Back to my Google Scraping automation sheet I created a new column, D and enter the following formula:
- C2 - holds the URL for my search of, for example, angular and node (https://se.indeed.com/jobb?q=angular%20node&l=stockholm)
- The second parameter is the XPath expression we let Google Chrome generate for us
There’s a little bit of string parsing to be done, to get the number from the string
Sida 1 av 357 resultat
=INDEX(SPLIT(D2, " "), 1, 4)
Here’s the entire table
|angular||stockholm||https://se.indeed.com/jobb?q=angular&l=stockholm||Sida 1 av 357 resultat||357|
|vue||stockholm||https://se.indeed.com/jobb?q=vue&l=stockholm||Sida 1 av 123 resultat||123|
|serverless||stockholm||https://se.indeed.com/jobb?q=serverless&l=stockholm||Sida 1 av 66 resultat||66|
Amazing things happen
But now something amazing starts to happen as I change value is Key words and City-columns.

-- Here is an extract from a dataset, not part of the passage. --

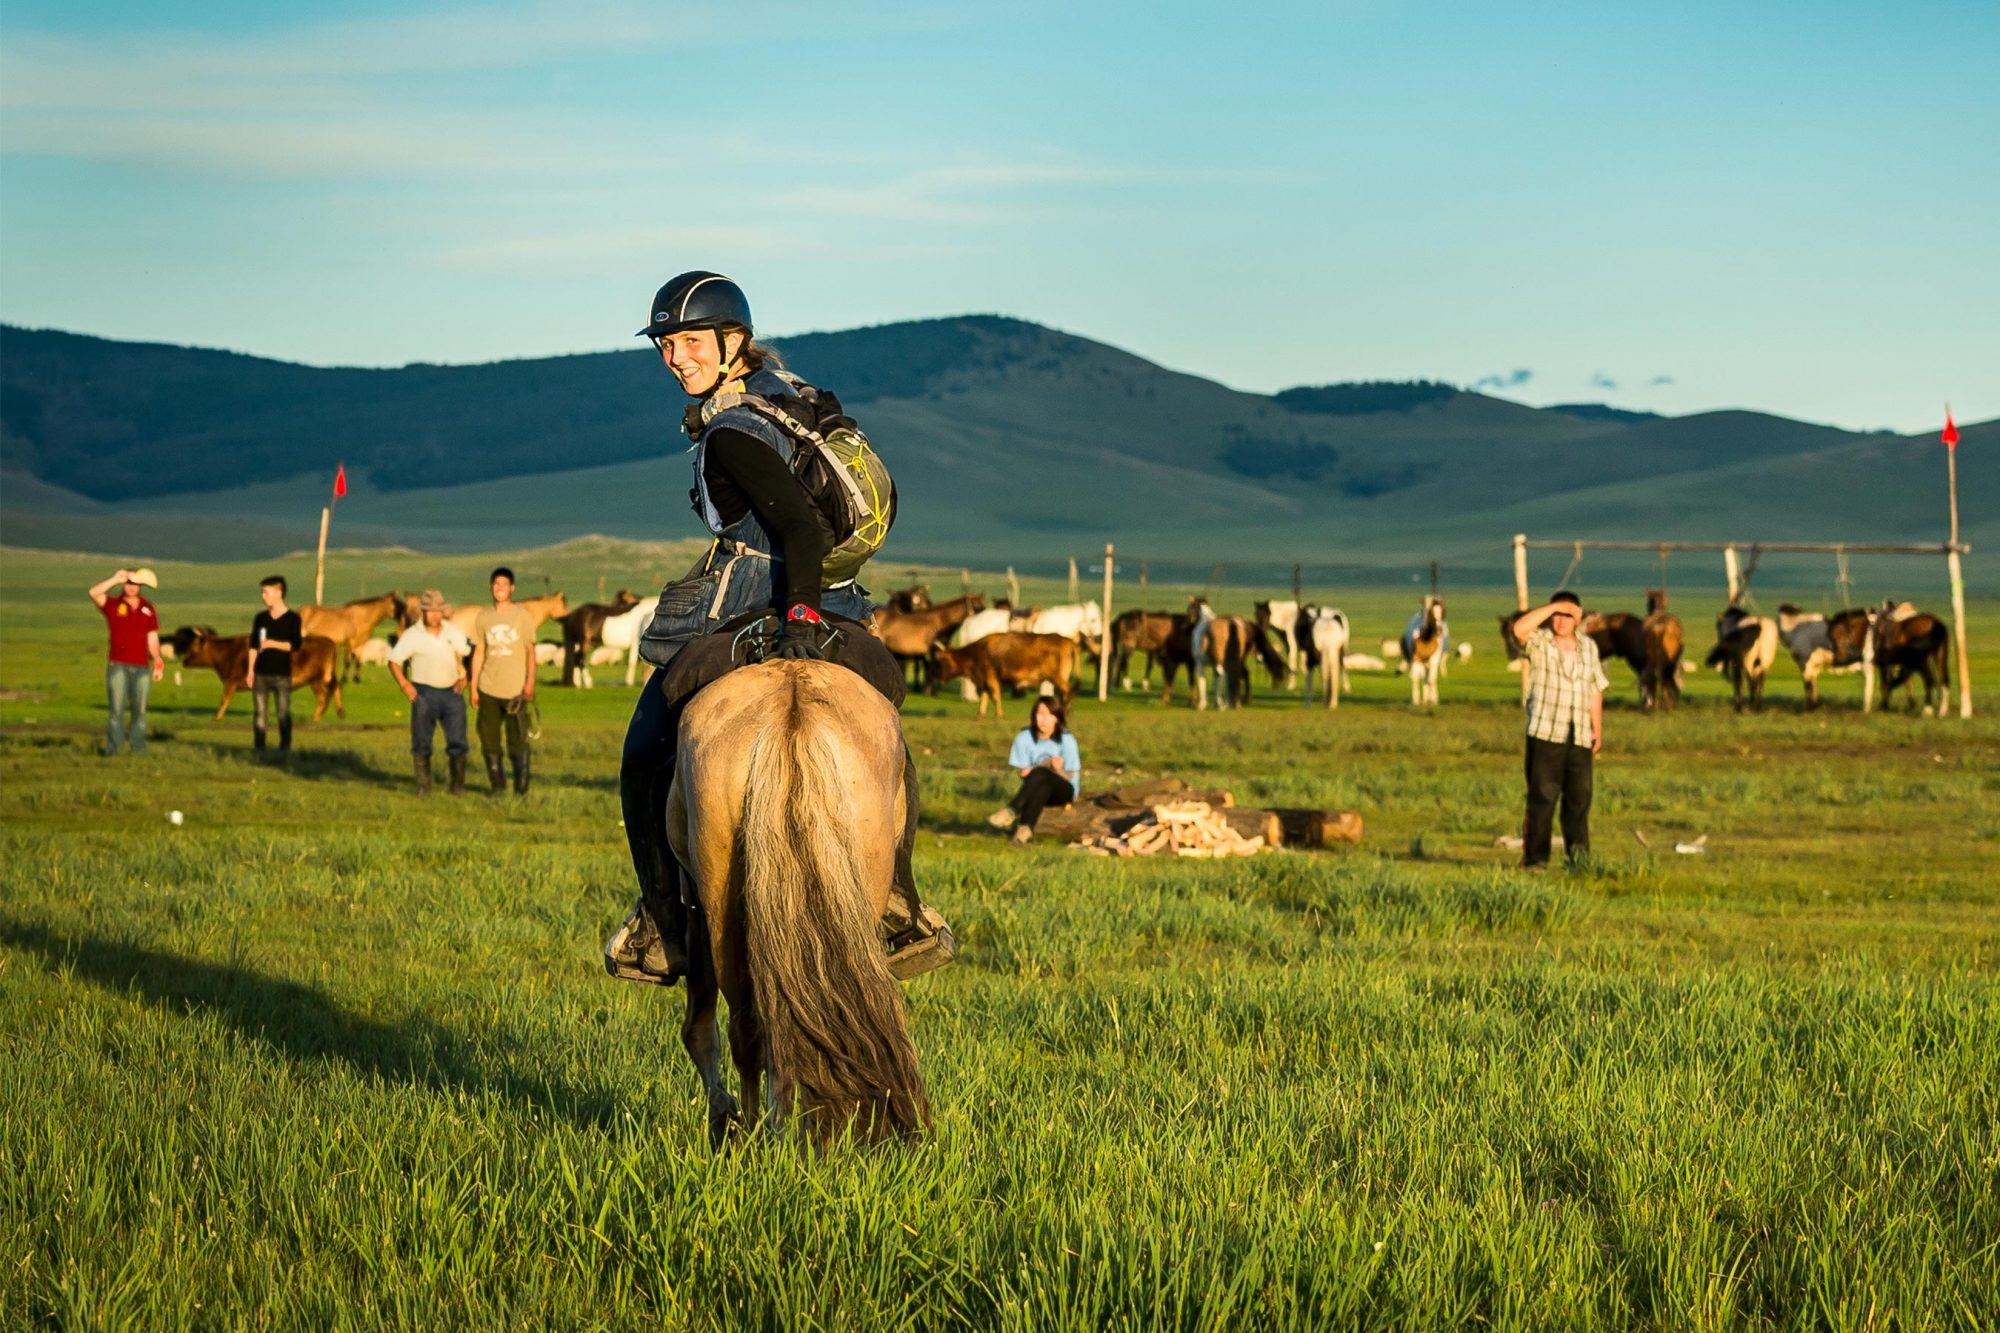 Lara Prior-Palmer on horse looking back - photography credit Richard Dunwoody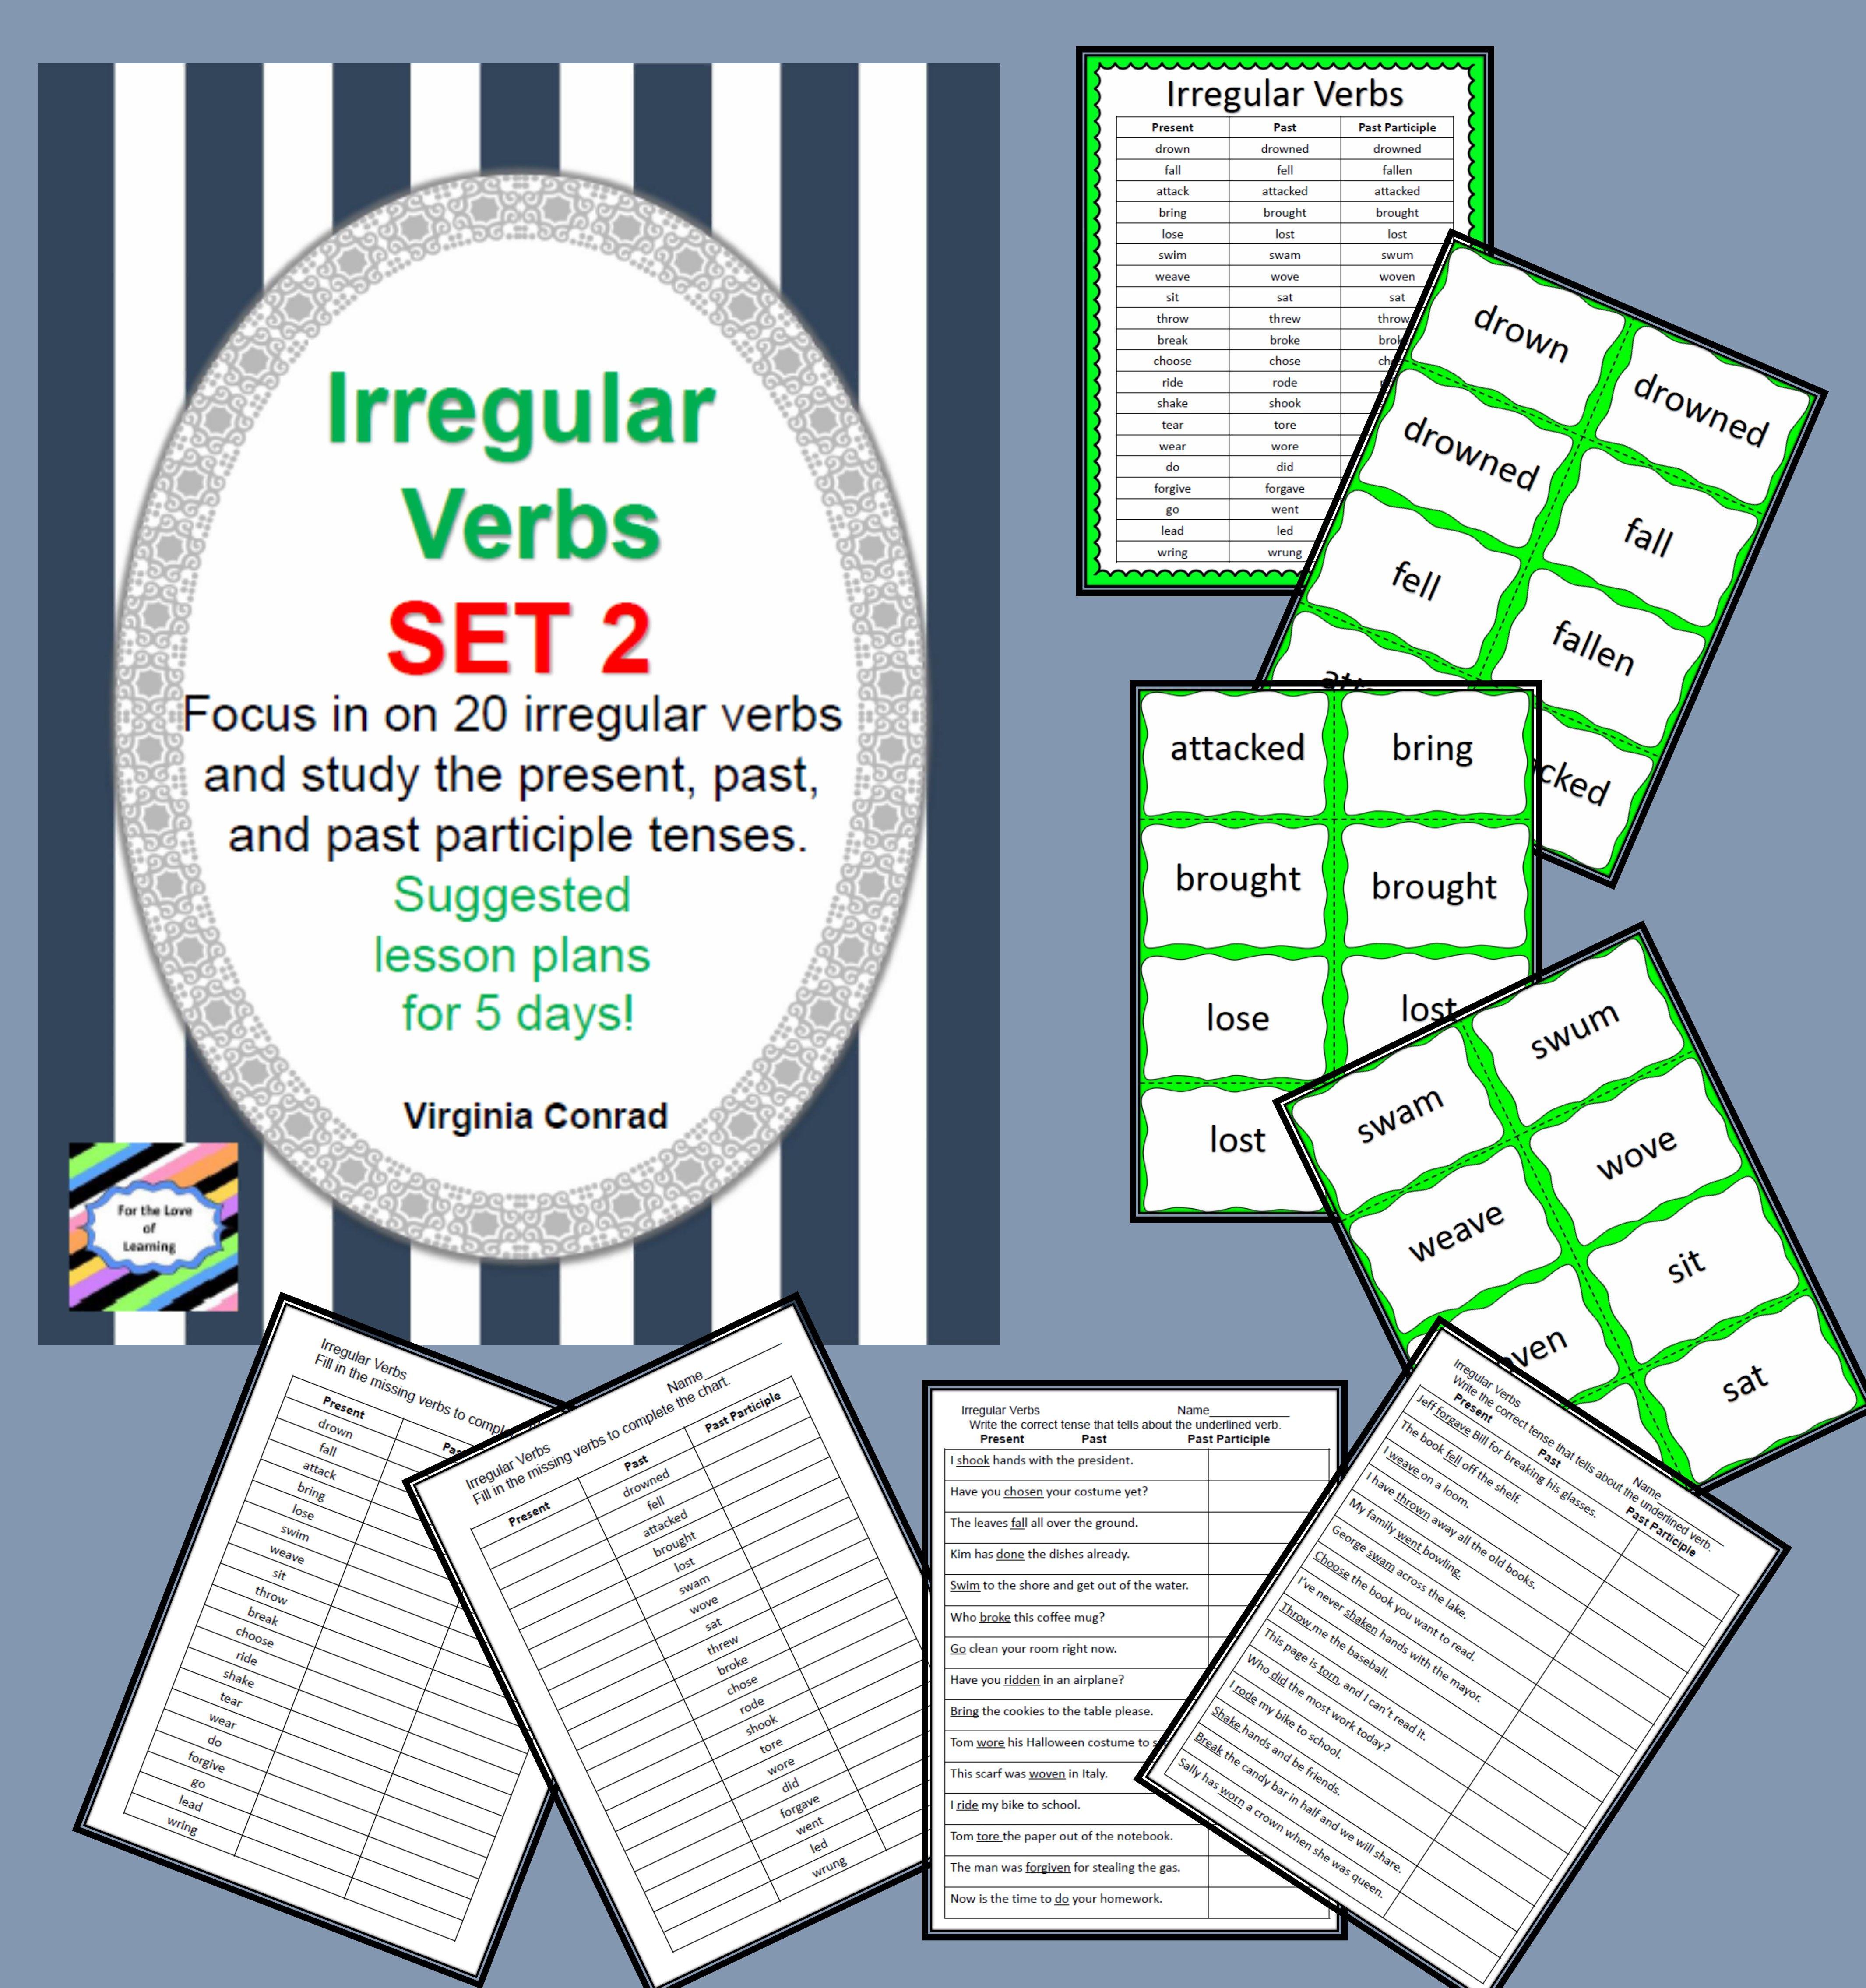 Irregular Verbs Set 2

The Result-column quickly blinks with “Loading” and then presents the result.
What if I created 10 or 15 jobs in Stockholm and then copied it down to get Göteborg and Malmö. Sure enough … it works beautifully.
It’s pretty cool to play around with.
Visualize, slice and dice
But not super easy to interpret - let’s make a visualization.
I create a Bar chart with all the data in A, B, and D (results) and put it on a separate sheet.
But then I remember reading about something called a Slicer. Sure enough, in the Data -> Slicer menu it can be found. The Slicer allows you to do personalized filters of data in charts.
When you create a data slicer it asks you to select a data-range, and I selected all of my data on the sheet where the scraping is being done. The next thing you need to do is to select a column to slice the data on.
Once you are done it looks something like this:
It works exactly like a filter and filters the data, but with one important difference; it’s only for your individual view, and doesn’t affect other users.
Also, charts that are using the data range the slicer is operating on is updated. For example; select keywords “node” and “node php” and the city of “Stockholm” will give you the following chart:
This was a really fun and pretty useful little hack that helped us to become more data-driven in our discussions: I think there are more Angular jobs in Stockholm than there are React jobs in Stockholm can now be answered easily, visualized and updated live.
Psst - no. There are many more React jobs in Stockholm right now.